Şüphesiz her toplumun temel yapı taşları bir takım değerlerden oluşur. Bu değerlerin kökleri kimi zaman bazı duygulara, kimi zaman ise bazı prensiplerin uygulama ve kurumsallaşmasına dayanmaktadır. Her halükarda, söz konusu değerler toplumların niteliğini belirleyici rol oynarlar.
İslam dini, mensuplarından müteşekkil bir toplumun temel direğini imandan kaynaklanan “kardeşlik” prensibine, daha doğrusu bağına, dayandırmaktadır: “Müminler ancak kardeştirler. Öyleyse kardeşlerinizin arasını düzeltin ve Allah’tan korkun ki esirgenesiniz.” (Hucurat, 10)
Kardeşlik bağı muhakkak ki, kardeş olarak bildiğiniz ve kabul ettiğiniz kişileri kendinizden biri olarak görmeyi, dertleriyle dertlenip, sevinçleriyle mutlu olmayı, hadis-i şerifte de müslümanların özelliklerinden birine dair buyrulduğu üzere “kendiniz için istediğiniz bir şeyi onlar için de istemeyi” beraberinde getirir, en azından olması gereken budur. Bu öyle bir bağdır ki, yine Hz. Peygamber’in (S.A.V.) buyurduğu üzere, nasıl ki bir organımızda herhangi bir hastalığın ortaya çıkması diğer organlarımızı da etkiliyor ve onların sağlığını da bozuyorsa, bir müslümanın başına gelen sıkıntı aynı şekilde diğer müslüman kardeşini de etkiler ve üzer.
Bahsettiğimiz bütün bu hususlara rağmen bugün için hem kendi toplumumuza hem de diğer müslüman toplumlara, kısaca İslam alemine baktığımızda gördüğümüz tablo hakikaten insanı üzüyor.
Öyle ki, kardeşlik bağlarıyla birbirine bağlanması gereken insanımız, bırakın bu bağı, insan olmanın gereği olan bazı hassasiyetlerden bile yoksun bir şekilde birbirinin kuyusunu kazmaya, canınına, malına, namusuna kastetmeye cüret edebiliyor! Yine insanımız, çeşitli gruplaşmaları, bu kardeşlik bağının da üstünde tutarak, “kendilerinden” olanları söz konusu gruplara dahil olanlar ve olmayanlar şeklinde ayırmak suretiyle, “-izm”ler veya “-ci”ler üzerinden toplumun bölünmesine sebebiyet verebilmektedir ki bu durum İslam aleminin en önemli problemlerinden biri haline gelmiştir. Üstelik iş, kendi grubundan olmayanların müslümanlıklarını, İslam’ın getirdiği esasların kabulünden ziyade “-izm”ler ve “-ci”ler üzerinden sorgulamaya kadar götürülebilmiştir.
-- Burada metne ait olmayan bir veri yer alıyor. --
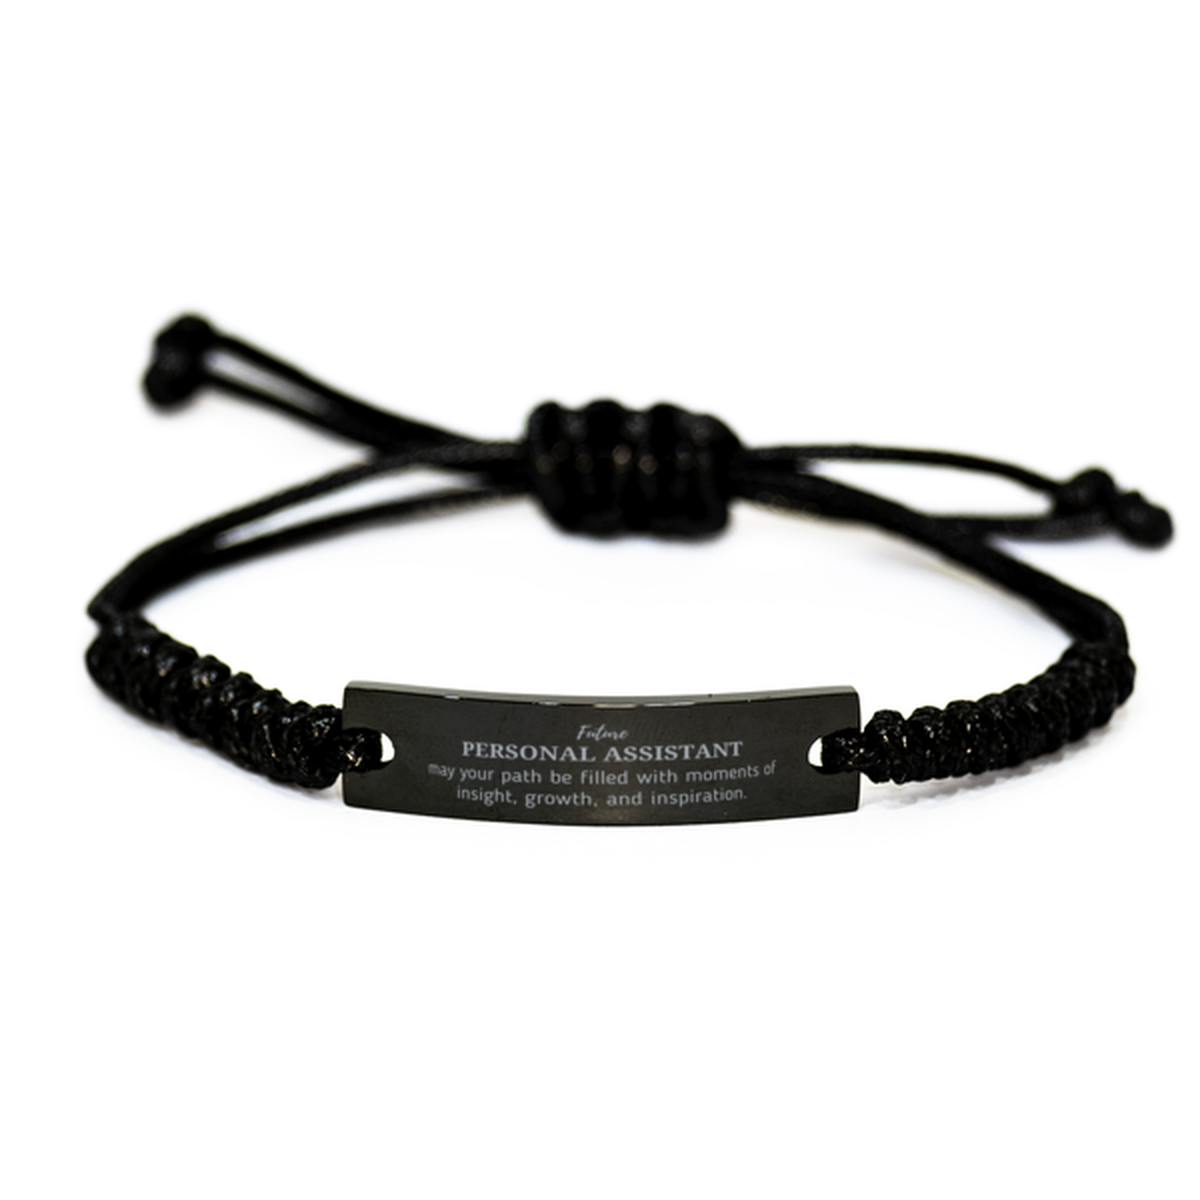 Future Personal Assistant Gifts, May your path be filled with moments of insight, Graduation Gifts for New Personal Assistant, Christmas Unique Black Rope Bracelet For Men, Women, Friends

Daha da vahimi, kendi gruplarından olmayan diğer “kardeşlerinin” istismar edilmeleri, dolandırılmaları, haklarının çiğnenmesi adeta “meşru” kabul edilebilmiştir!
Tüm bunların neticesinde ise, İslam alemi, Kur’an’ın bizi uyardığı ihtilafların, karışıklıkların ve fitnelerin içine sürüklenmiş, ideallerden ziyade günü kurtarmanın derdine düşmüştür.
Halbuki, söz konusu kardeşlik bağına sahip bir topluluk için, bu ortak noktaya bağlı kalarak meselelere dair farklı düşünebilmek, farklı düşünceler üreten bireylere sahip olmak, bir çatışma değil zenginlik kaynağı olmalıdır. Gelişme ve yenilenme ancak bu şekilde mükün olabilir.
Yine böyle bir topluluğun mensupları, bırakın kendi toplumu, tüm insanlık için adaletin teminine çalışması gereken insanlardan müteşekkil olduğu için, “sahtekarlığın” temsili konumuna düşemez, düşmemelidir! Hele ki bu dinin prensiplerini hayatlarına her anlamda temel almış olma iddiaları da varsa!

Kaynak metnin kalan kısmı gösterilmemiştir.